Back in the beginning of the new year, I remember how everything worked out, and how I just loved life. I don't know where that feeling went.
Is there someone who walked out of your life as quickly as they walked in, someone who helped you through the most painful moment in you life. You attach yourself to them because you can't let them go, and no matter how hard you try, you just can't forget about them. Your best friend is happy when you tell her you haven't talked to him in awhile, and your heart drops and you want to cry. She doesn't understand how happy that person once made you feel. You hate talking to that person, but you can't stand not talking to them.
You wish you could take back the hours you wasted talking to them and every sleepless night. You hope that person is okay but you can never be sure anymore, because you can't even tell when you're okay. You hope that person misses you and thinks about you as often as you think about them. But you think/realize/know that that's probably not true. They probably never cared about you, and was more than happy to let you go. They may not be the same person you knew when you first met, but you still have hope.

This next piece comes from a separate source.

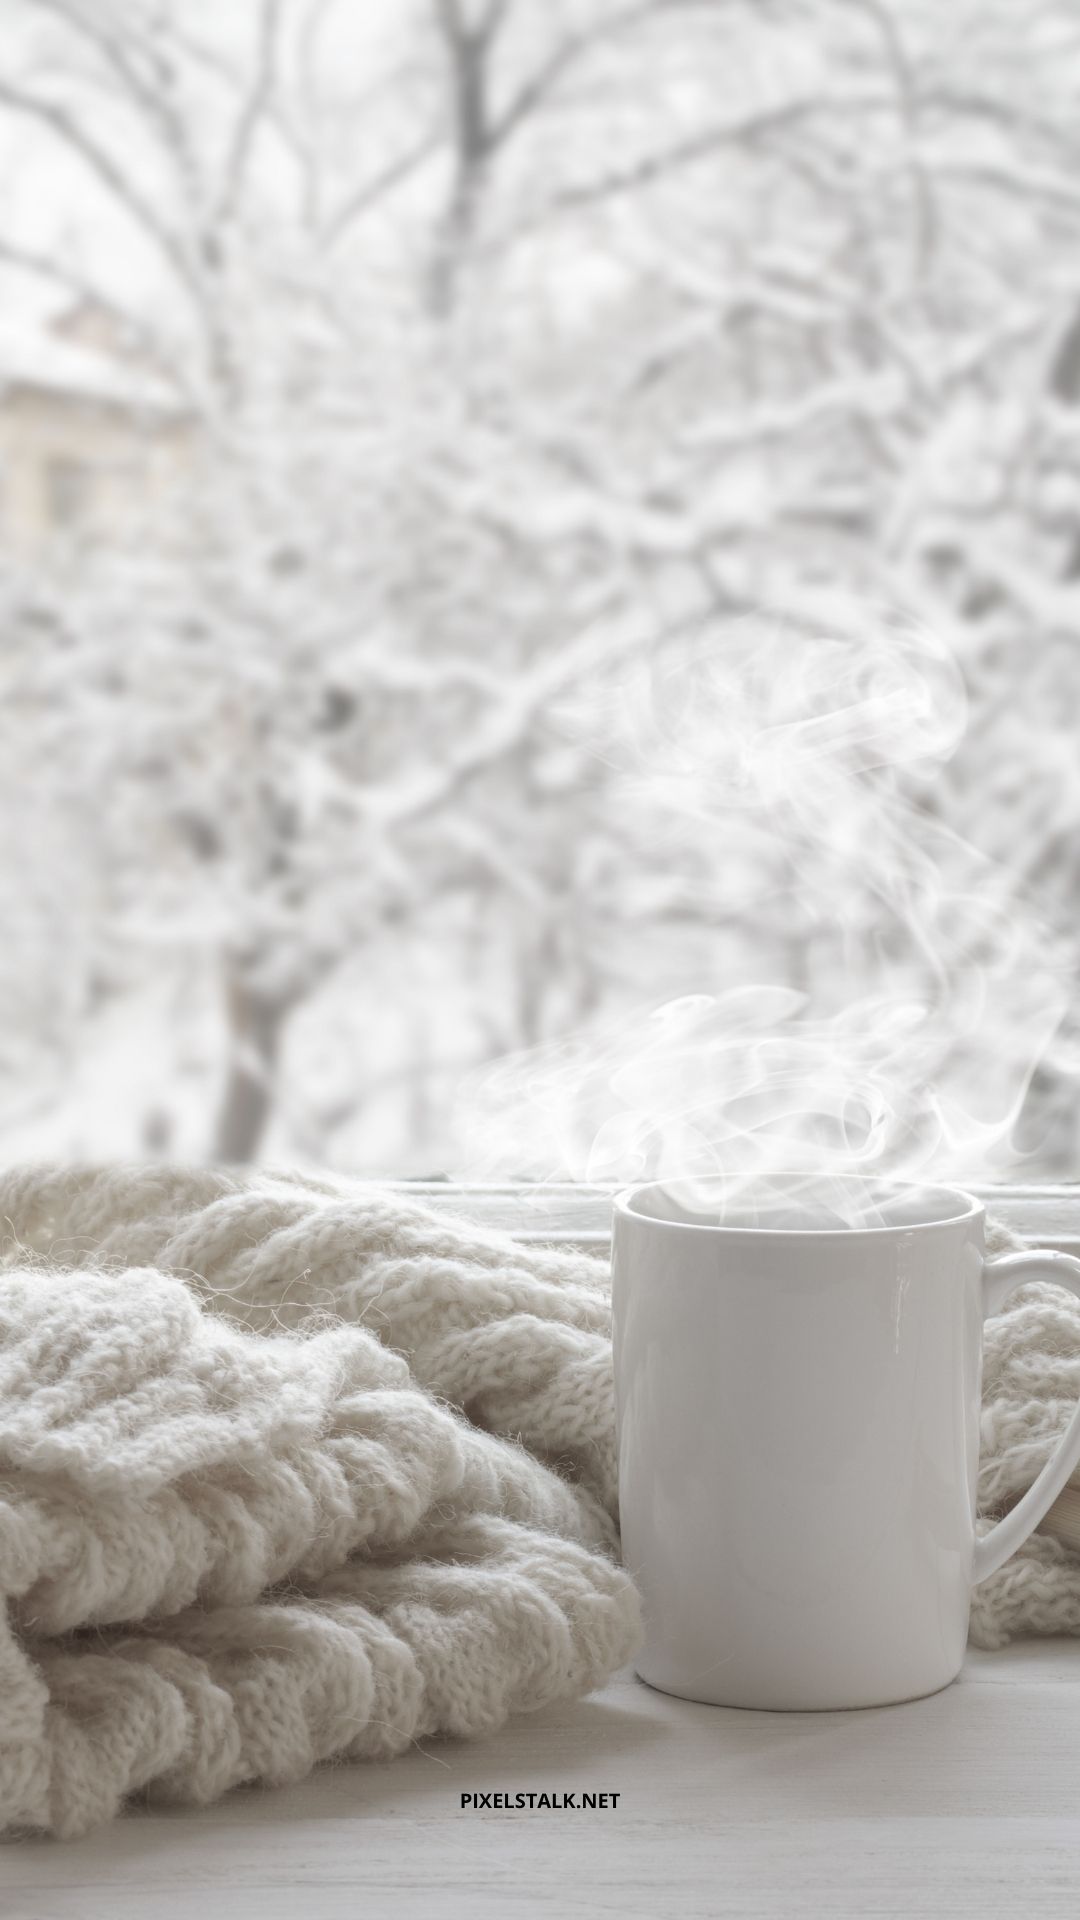 45 Free Beautiful Winter Wallpapers For iPhone That Youll Love  Winter  wallpaper Iphone wallpaper winter Cozy fireplace

*I've had some really crazy dreams about this one guy I used to know. Like really crazy, heart-pounding dreams that you wish could happen in real life. One was really nice. The other time he was brutally murdered right in front of me.*
"If I could give you only one thing in my life, I would give you the ability to see yourself through my eyes. Only then would you realize how special you are to me."
I also wish I could see how he sees me through his eyes. Maybe it would help me understand how he could possibly like me, and maybe I wouldn't feel as confused and lost. Or maybe with the sudden knowledge it would bring me even deeper into a black hole. Or maybe I'd learn something about him that I shouldn't/don't want to know about him or something that would make me see him differently.
[unless life also hands you water and sugar, your lemonade's gonna suck.]
"I like you.
That's my secret. No hearts. No pretty drawings.
No poems or cryptic messages. I just like you."
I asked him about it, and all he said was
"My friend stole my phone and texted you something that was true"
And it got me thinkin'.
He doesn't even know me that well. How could he "love" me? We're only in high school. At least say "like" not love. I just don't get why people say that hate is such a strong word, but love is thrown around all the time like it's nothing. Is it because we're told not to hate anyone, but you should be able to get along with everyone? Hmm... even if it was "him" I'm pretty sure if he told me he "loved" me, I would still feel very uneasy.